Sri Lanka's pace bowlers were effective on a dry surface, landing heavy blows on New Zealand's top order before Rangana Herath arrived to deliver the coup de grace. Herath himself continues to progress, having become the top wicket-taker in 2012 with his 11 wickets in Galle. Sri Lanka may also have uncovered a fast bowler with enough command of pace, seam and reverse swing to become a potential long-term spearhead in Shaminda Eranga. Their batting also seems less prone to the sporadic collapses that plagued them in the 12 months before the Pakistan series.
New Zealand meanwhile, have slid to their worst losing streak since 1955. Their batsmen have been working on their technique against spin in the nets since their three-day loss, but even the two extra days may not be enough to rebound from a performance as woeful as their 118 all out in their second innings in Galle.

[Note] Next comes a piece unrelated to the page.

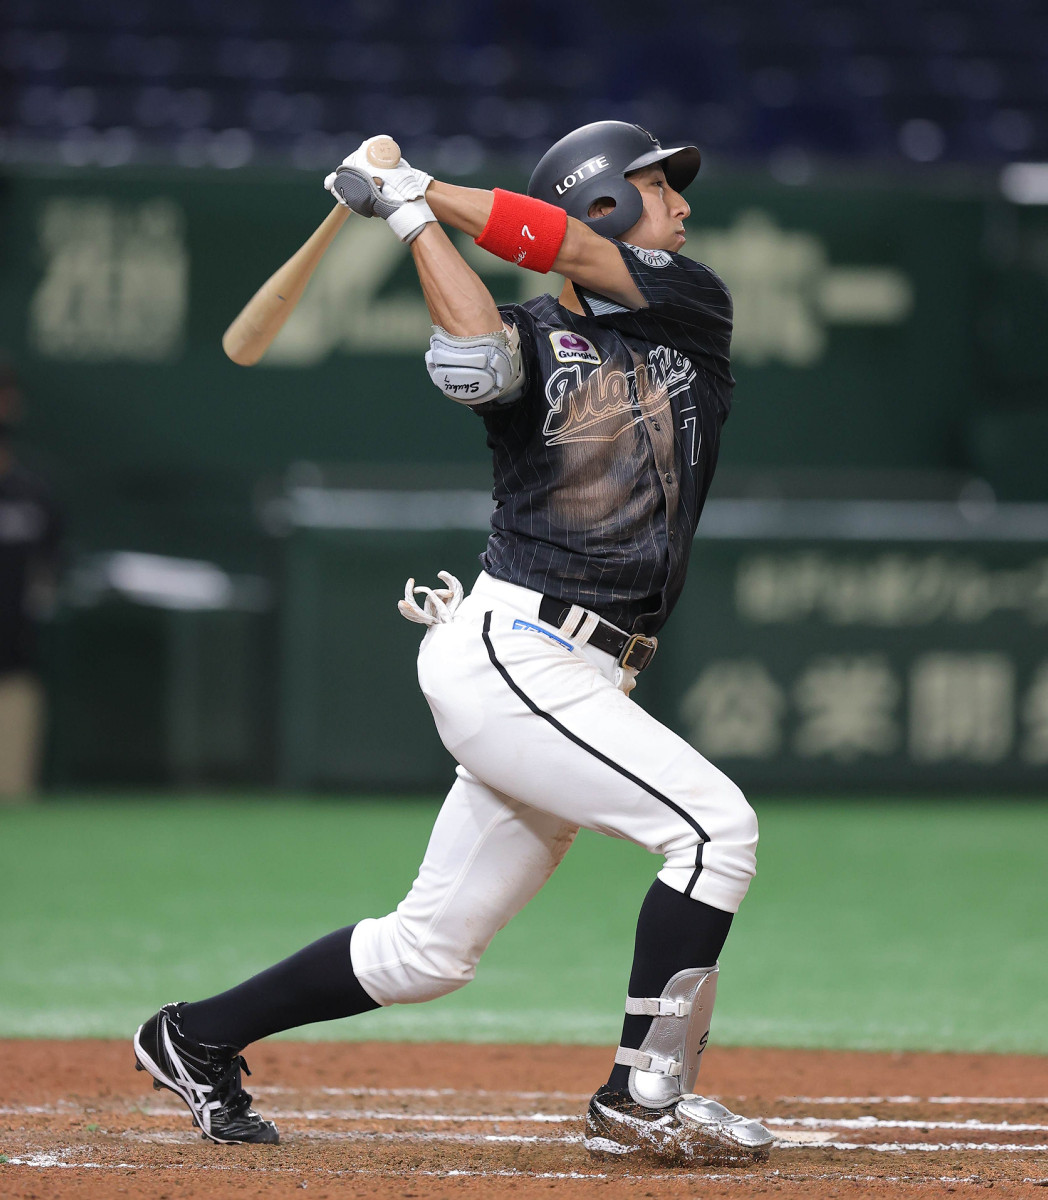 【ロッテ】福田秀平が実戦復帰「いつでも出場できる状態です」 : スポーツ報知

Though they are short on time to vastly improve their techniques, they must acquire the psychological steel to survive at the crease for long periods against fine bowling. Their plight may not be as hopeless as it seems, as the bouncier P Sara pitch will assist their seam bowlers in the same way it assisted England's in March, when they squared their two-match series with Sri Lanka, after also losing the first match in Galle.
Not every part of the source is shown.